Status
Current state: under discussion
Discussion thread: here
JIRA: KAKFA-3265
Motivation
Systems that interface with Kafka, such as management systems and proxies, often need to perform administrative actions. For example, they might need to be able to create or delete topics. Currently, they can't do this without relying on internal Kafka classes, or shell scripts distributed with Kafka. We would like to add a public, stable AdminClient
API that exposes this functionality to JVM-based clients in a well-supported way.
The AdminClient
will use the KIP-4 wire protocols to communicate with brokers. Because we avoid direct communication with ZooKeeper, the client does not need a ZooKeeper dependency. In fact, once this KIP is implemented, we will be able to lock down Zookeeper security further, by enforcing the invariant that only brokers need to communicate with ZK.
By using the AdminClient
API, clients will avoid being tightly coupled to the implementation details of a particular Kafka version. They will not need to access internal Kafka classes, or parse the output of scripts. They will also gain the benefits of cross-version client compatibility as implemented in KIP-97.
Proposed Changes
The AdminClient
will be distributed as part of kafka-clients.jar. It will provide a Java API for managing Kafka.
The AdminClient
interface will be in the org.apache.kafka.clients.admin
namespace. The implementation will be in the AdminClientImpl
class, in the same namespace. The separation between interface and implementation is intended to make the difference between public API and private implementation clearer, and make developing mocks in unit tests easier.
Users will configure the AdminClient
the same way they configure the Producer and Consumer: by supplying a map of keys to values to its constructor. As much as possible, we should reuse the same configuration key names, such as bootstrap.servers, client.id, etc. We should also offer the ability to configure timeouts, buffer sizes, and other networking settings.
The AdminClient
will provide blocking APIs that closely reflect the requests which the brokers can handle. The client will be multi-threaded; multiple threads will be able to safely make calls using the same AdminClient
object.
In general, we want to avoid using internal Kafka classes in the AdminClient
interface. For example, most RPC classes should be considered internal, such as MetadataRequest
or MetadaResponse.
We should be able to change those classes in the future without worrying about breaking users of AdminClient
. Inner classes such as MetadataResponse#TopicMetadata
should also be considered internal, and not exposed in the API of AdminClient
.
We want to handle errors fully and cleanly in AdminClient
. APIs that require communication with multiple brokers should allow for the possbiility that some brokers will respond and others will not. Batch APIs that perform multiple independent operations should allow for the possbility that some elements of a batch fail, and others succeed.
Implementation
As mentioned earlier, the AdminClient
will use the KIP-4 wire protocol. This mainly means using NetworkClient
and related RPC classes for the implementation.
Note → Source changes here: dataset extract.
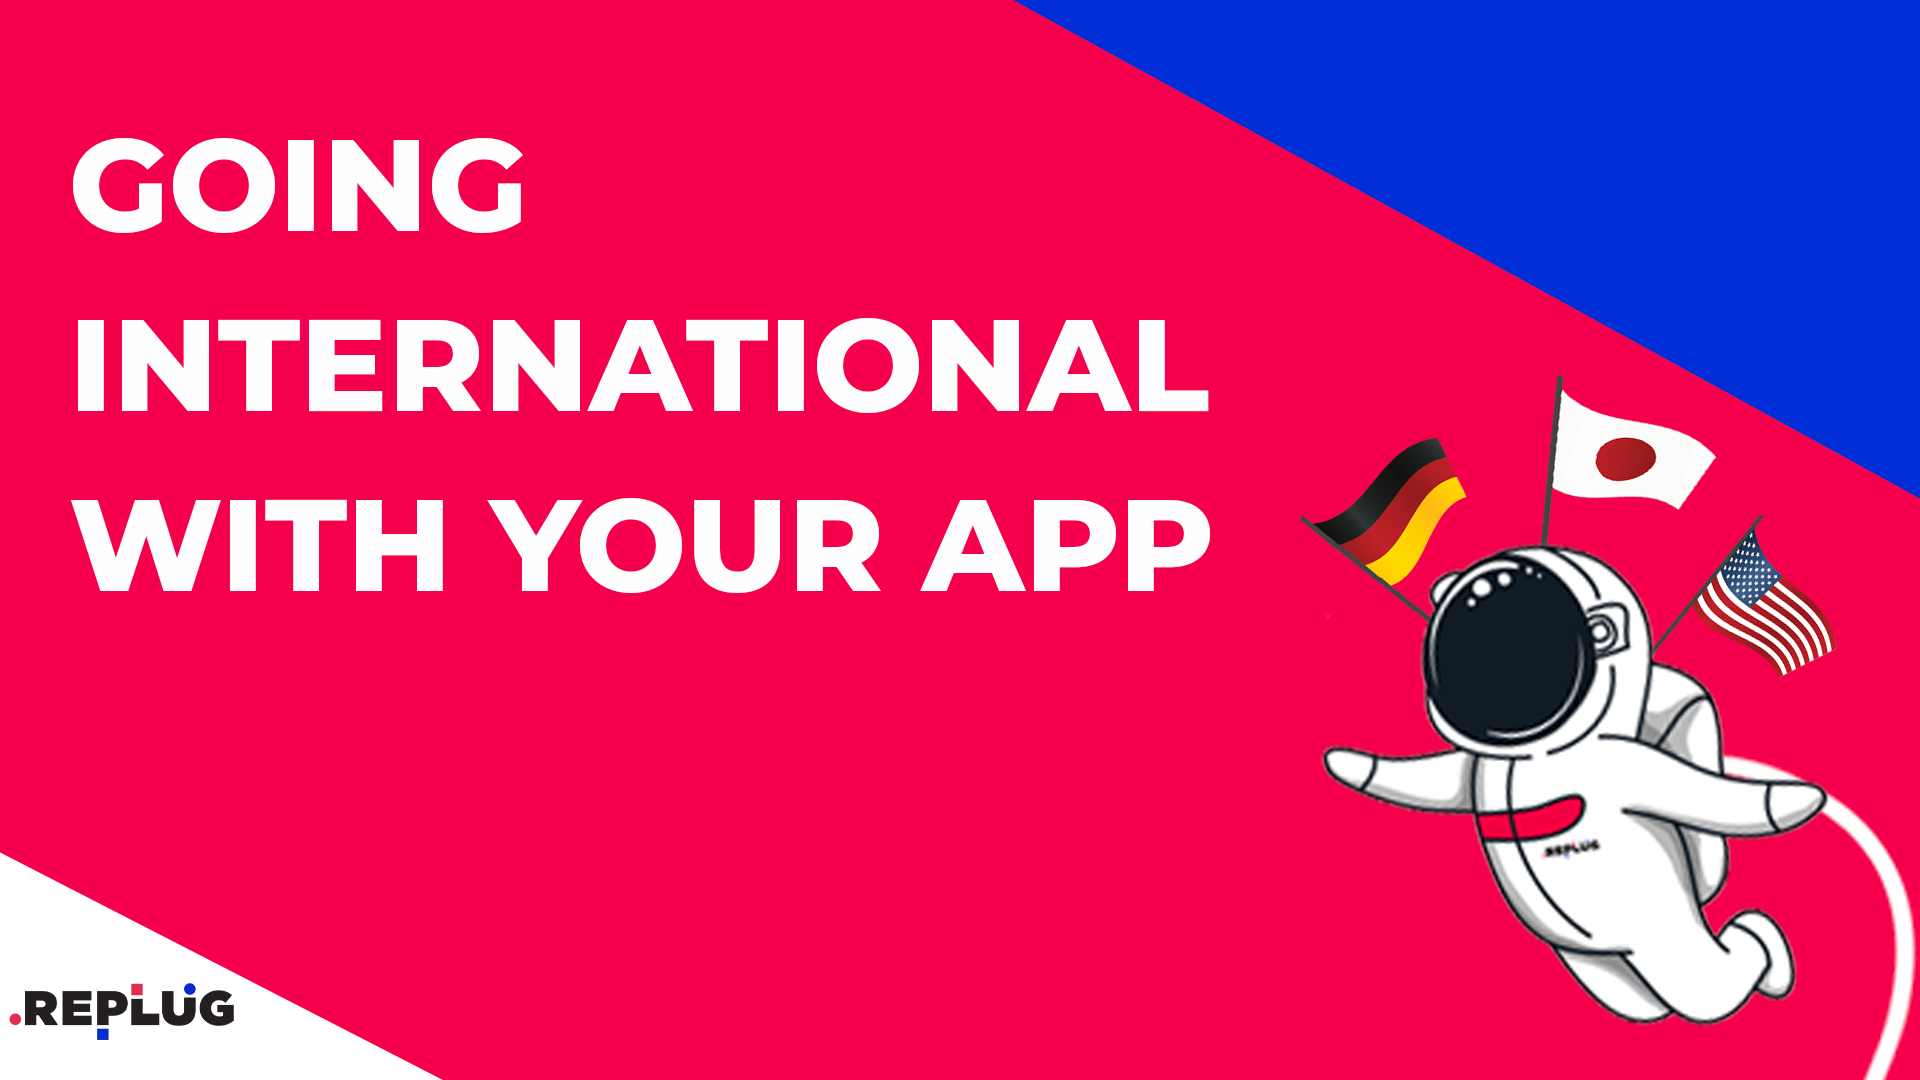 Going International with your app

This KIP will add only APIs that can be implemented with the existing server-side RPCs. See "New or Changed Public Interfaces" for details. The intention is that we will continue to extend AdminClient
with further KIPs that also add the appropriate server-side functionality is added (such as ACL management.)
New or Changed Public Interfaces
Clients use the administrative client by creating an instance of class AdminClient
. Just like the producer and consumer, it is configured by supplying a configuration map to the constructor. When the user is done with the AdminClient
, they must call close to release the network sockets and other associated resources of the client.
public interface AdminClient {
void close();
/**
* Creates a new TopicsContext that can be used to perform operations on Kafka topics.
*/
TopicsContext topics();
/**
* Creates a new NodesContext that can be used to get information about nodes.
*/
NodesContext nodes();
abstract class TopicsContext {
protected int clientTimeoutMs;
protected int serverTimeoutMs;
protected Map<String, String> creationConfig;
protected TopicsContext(int clientTimeoutMs, int serverTimeoutMs) {
this.clientTimeoutMs = clientTimeoutMs;
this.serverTimeoutMs = serverTimeoutMs;
this.creationConfig = null;
}
/**
* Set the client timeout for operations. This is how long the client will block
* on the operation.
*
* @param clientTimeoutMs The client timeout in ms.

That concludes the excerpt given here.